What's Happening?
The field of Parkinson’s disease (PD) research is undergoing a significant transition from focusing solely on symptom control to exploring disease-modifying therapies (DMTs). Traditionally, PD treatment
has centered on dopamine replacement to manage motor symptoms. However, recent scientific advances are driving efforts to develop therapies that slow or alter disease progression. These include monoclonal antibodies, small-molecule kinase inhibitors, and gene therapies targeting biological mechanisms such as alpha-synuclein aggregation and LRRK2 signaling. Despite the challenges, multiple programs are underway to generate data demonstrating the potential to slow neuronal loss and modify the disease course.
Why It's Important?
This shift in focus is crucial as PD is the fastest-growing major neurodegenerative disorder, with prevalence expected to more than double by 2050. Current treatments primarily address symptoms, but do not alter the underlying disease process.

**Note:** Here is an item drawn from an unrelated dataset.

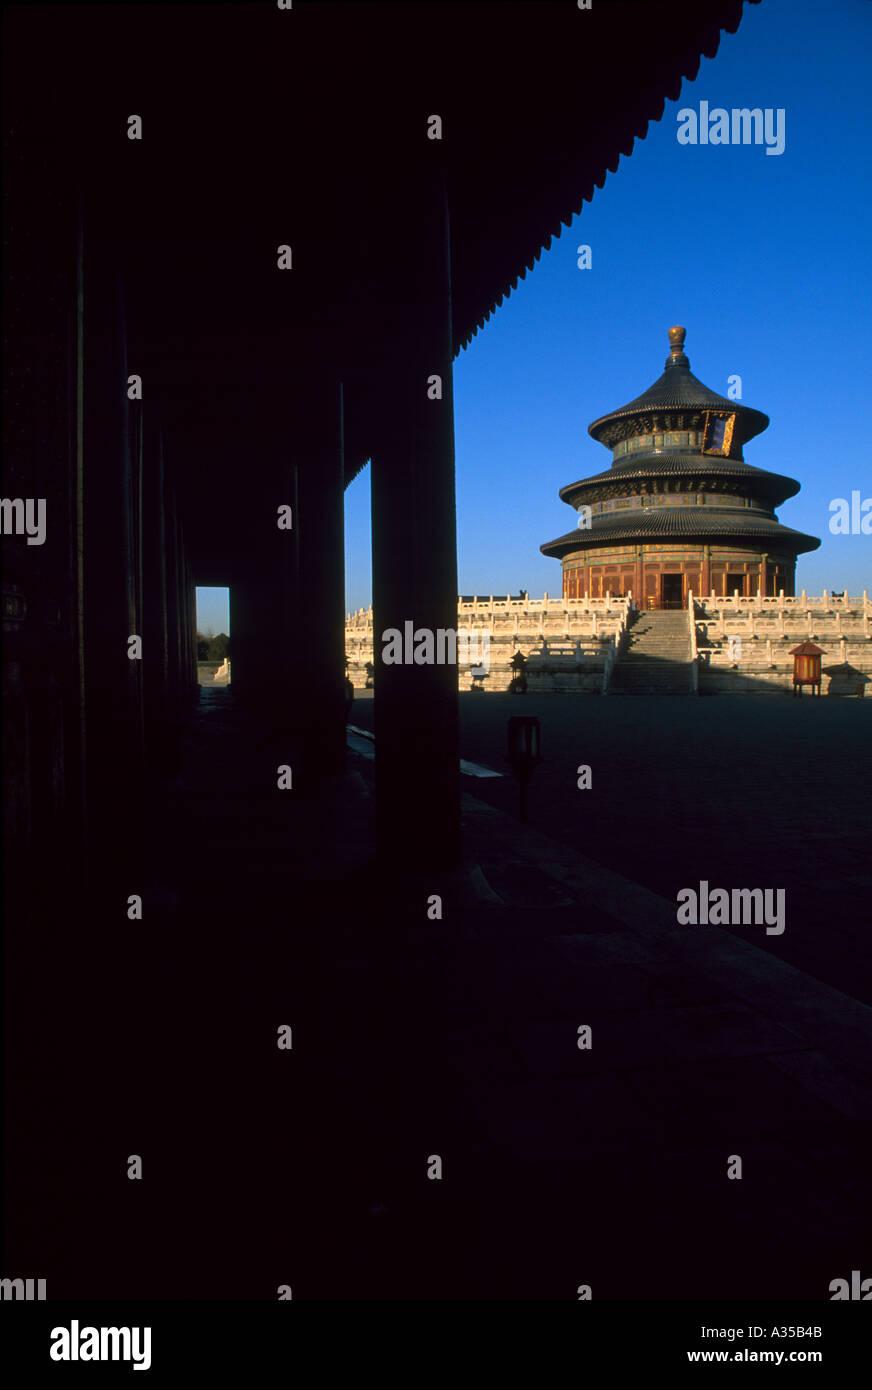 Temple of Heaven Beijing 2 - Stock Image

Developing DMTs could transform the management of PD by preserving neurons and potentially restoring function, offering hope for improved long-term outcomes. The integration of biomarkers for early detection and patient stratification is also enhancing research efforts, paving the way for more targeted and effective therapies. Success in this area could set a precedent for other neurodegenerative diseases.
What's Next?
Several late-stage trials are expected to report results between 2025 and 2027, marking a critical test for disease-modifying strategies in PD. These trials will focus on demonstrating the ability to slow disease progression and improve patient outcomes. The development of biomarkers for early detection and patient stratification will be essential for trial success and regulatory approval. As research progresses, the focus will likely expand to include regenerative approaches, such as cell therapy and gene-based strategies, aiming to restore dopaminergic circuitry and enhance neuronal resilience. Continued investment and collaboration will be key to advancing these promising therapies.